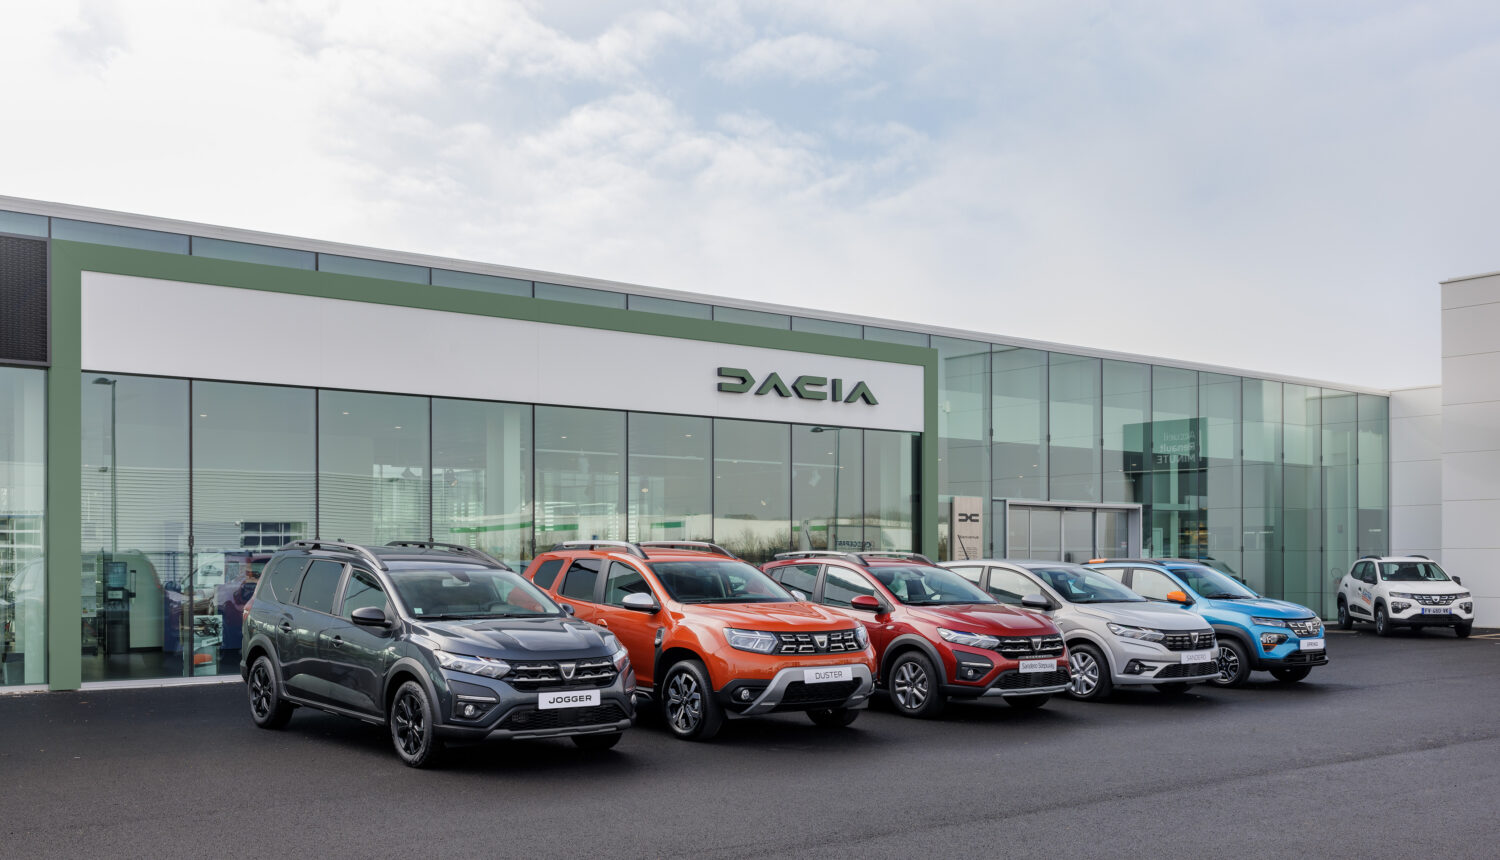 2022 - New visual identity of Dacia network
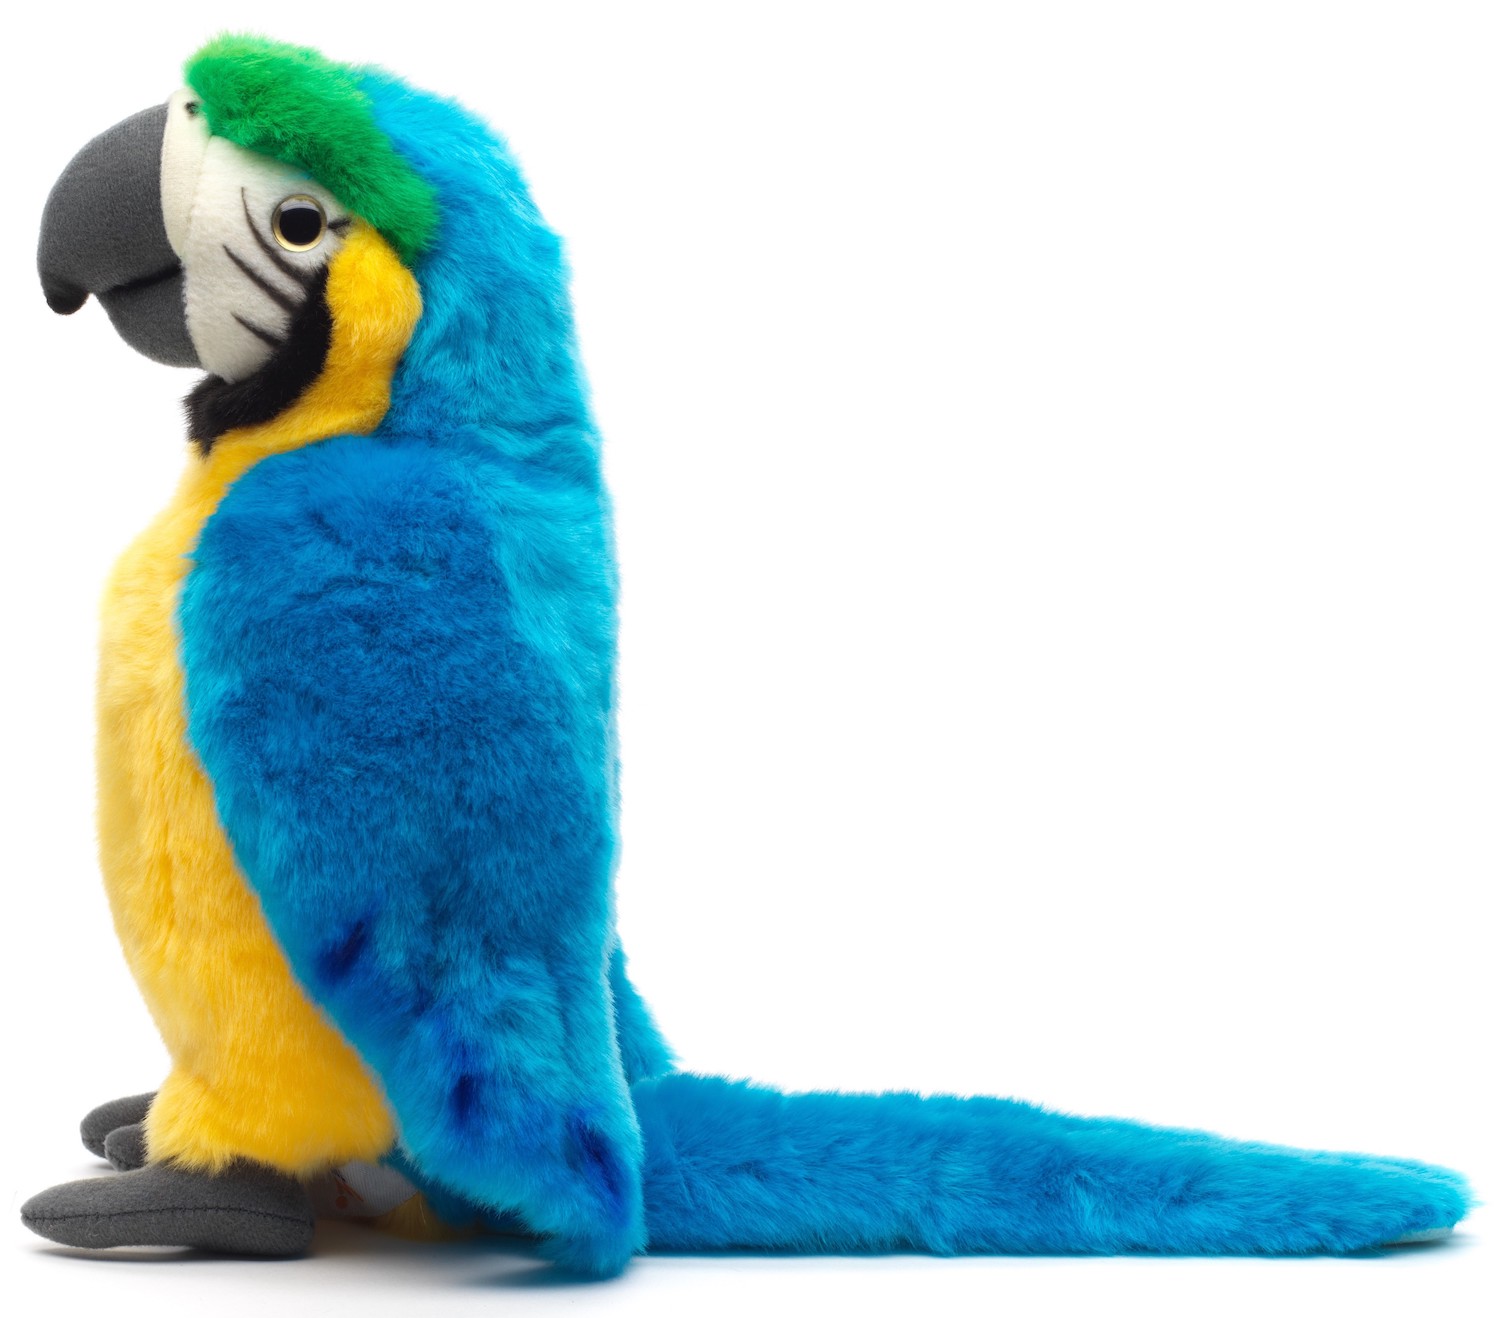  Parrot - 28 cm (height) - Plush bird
---
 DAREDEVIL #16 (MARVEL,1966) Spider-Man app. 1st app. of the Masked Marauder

Task item:
Repeat exactly the lines above, from the line that contains "2022 - New visual identity of Dacia network" down through the line that contains "Parrot - 28 cm (height) - Plush bird". Include both of those lines and none of the pictures.

Answer box:
 2022 - New visual identity of Dacia network
  Parrot - 28 cm (height) - Plush bird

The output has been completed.